Оплата в колхозе по нормам исчисляется не в деньгах, а в «трудоднях», в совершенно произвольных единицах. Кто сколько выработает трудодней, тому столько малограмотный учетчик ставит в ведомость палочек. Палочки сейчас уже не ставят, пишут цифры, но сама система осталась та же. К концу года на общее число выработанных всеми колхозниками трудодней делят денежный и продуктовый фонд заработной платы. Раньше деньги на трудодни вообще не платили, а приходилось, например, на трудодень полкило картошки или 200 грамм зерна. Взрослый мужчина должен отработать в год 500 трудодней, так примерно и получается, так что в конце года он получал за работу мешок зерна или три мешка картошки. Три года назад колхоз перешел на денежную оплату с авансированием.
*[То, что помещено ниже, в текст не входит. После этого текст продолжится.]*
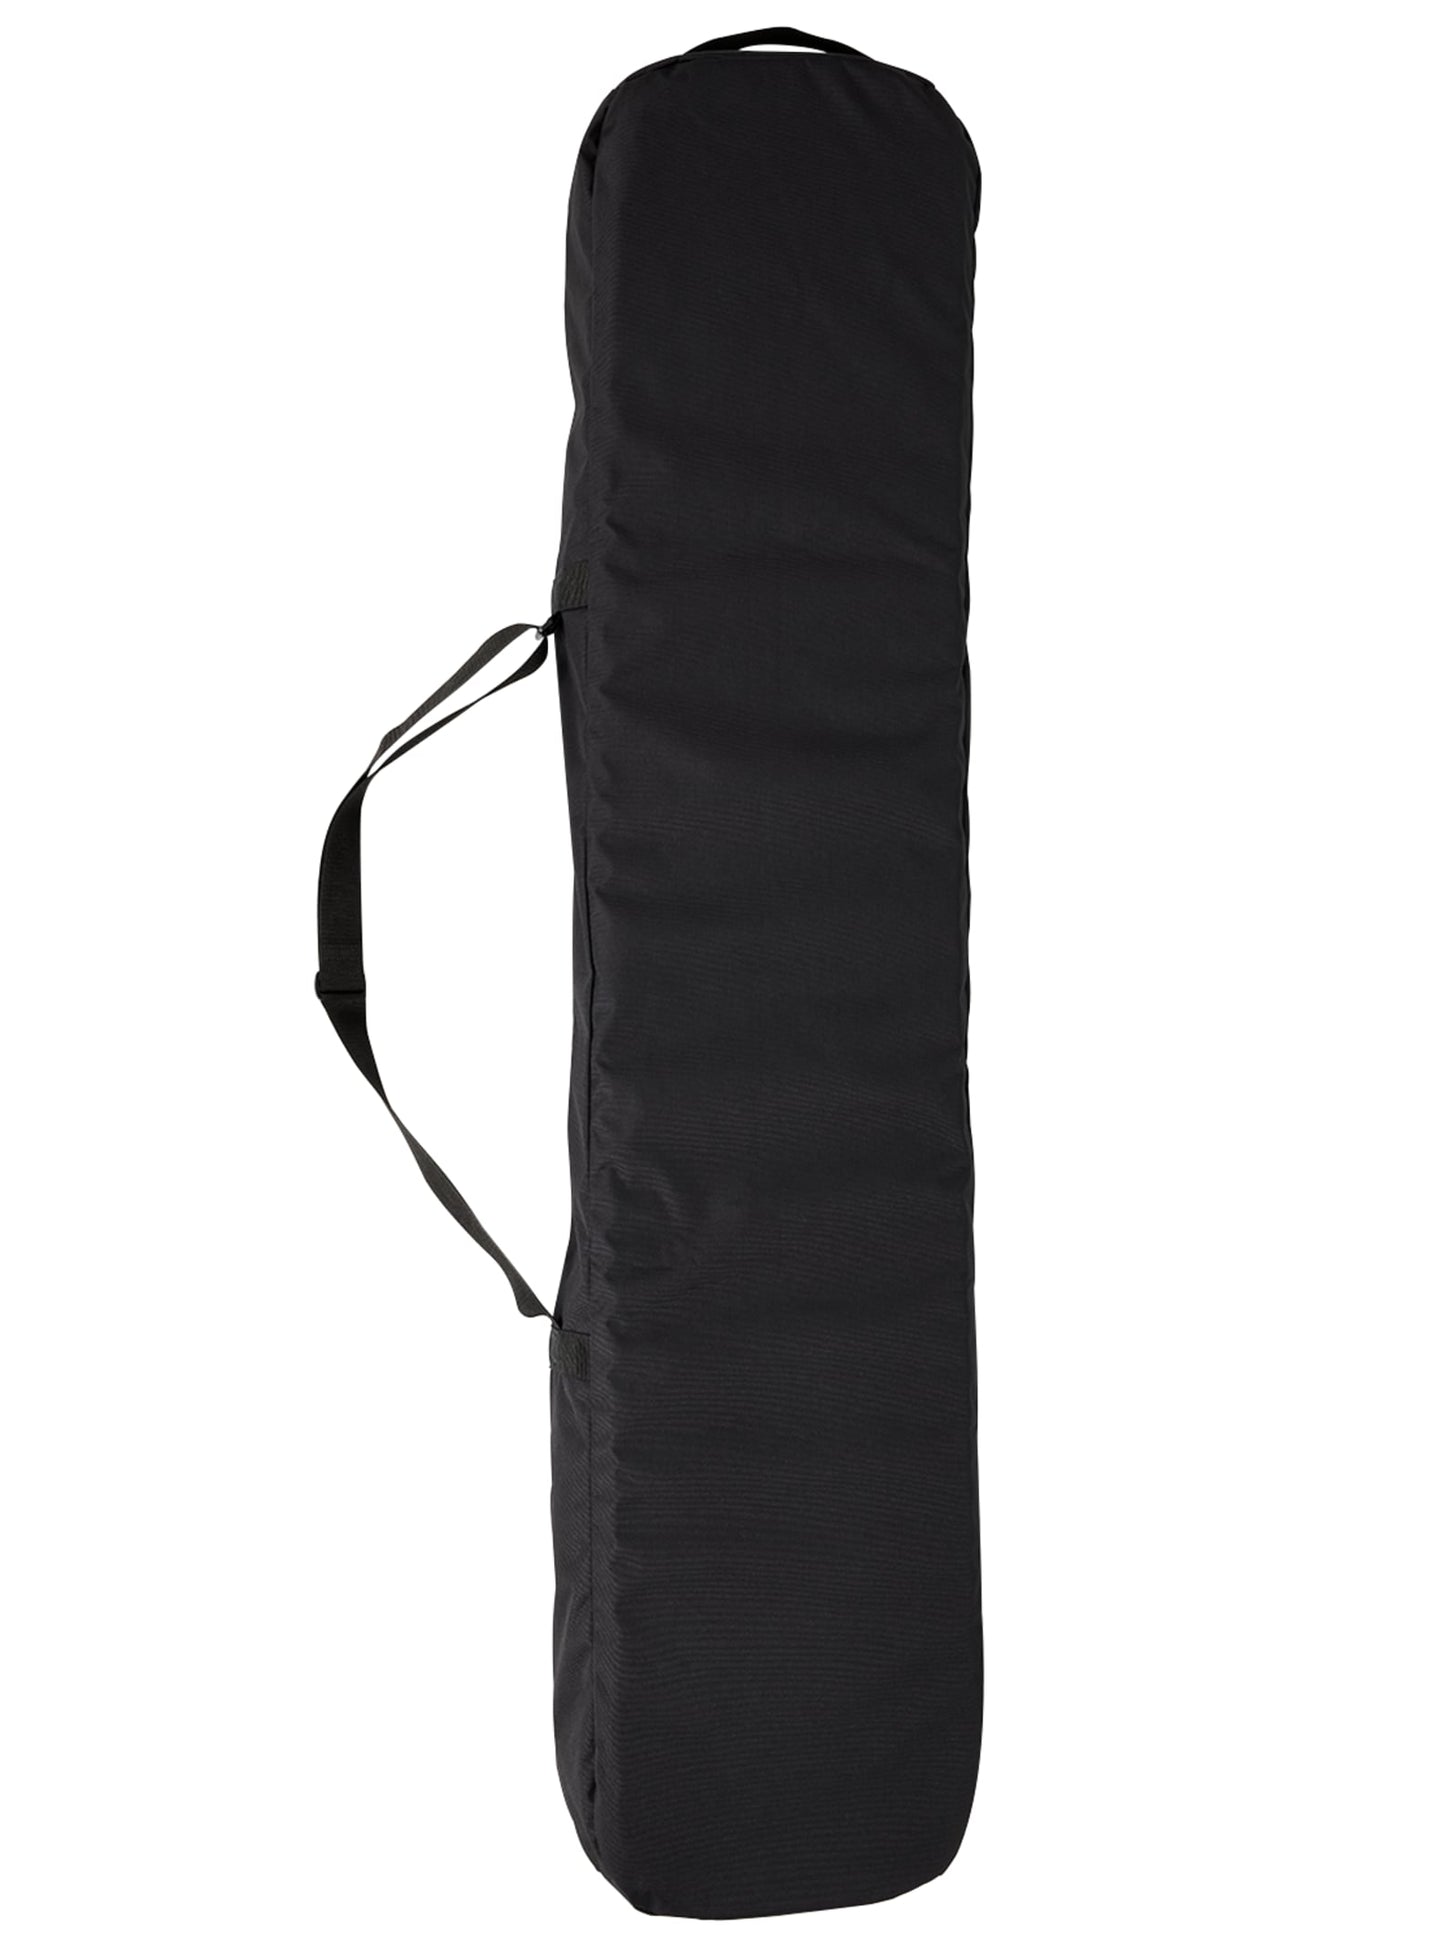 Burton | Burton Space Sack Board Bag True Black  | Accesorios nieve, Funda tablas, Snowboard, Unisex |

На год заранее планировалась оценка трудодня в деньгах и зерне, и в середине каждого месяца колхознику за трудодни, выработанные в предыдущем месяце, выдавалась половина его денежного заработка. В конце года подводится итог, выдавалась остальная часть денег и зерно. В прошлом году, например, планировалось на трудодень 60 копеек и килограмм зерна. Каждый месяц колхозники авансировались тридцатью копейками на трудодень — в летние месяцы получается по 40-60 трудодней, в зимние — по 20-30, на ферме несколько выше. В конце года они получили еще по 15 копеек на трудодень вместо 30, так как план не был выполнен, и по килограмму пшеницы. Зерно для колхозников очень важно, они не только сами пекут себе хлеб, но кормят скот. Излишки зерна можно продавать на базаре в Кривошеине, где его цена колеблется от четырех до пяти с половиной рублей за пуд, т. е. от 25 до 35 копеек за килограмм при государственной закупочной цене 12 копеек.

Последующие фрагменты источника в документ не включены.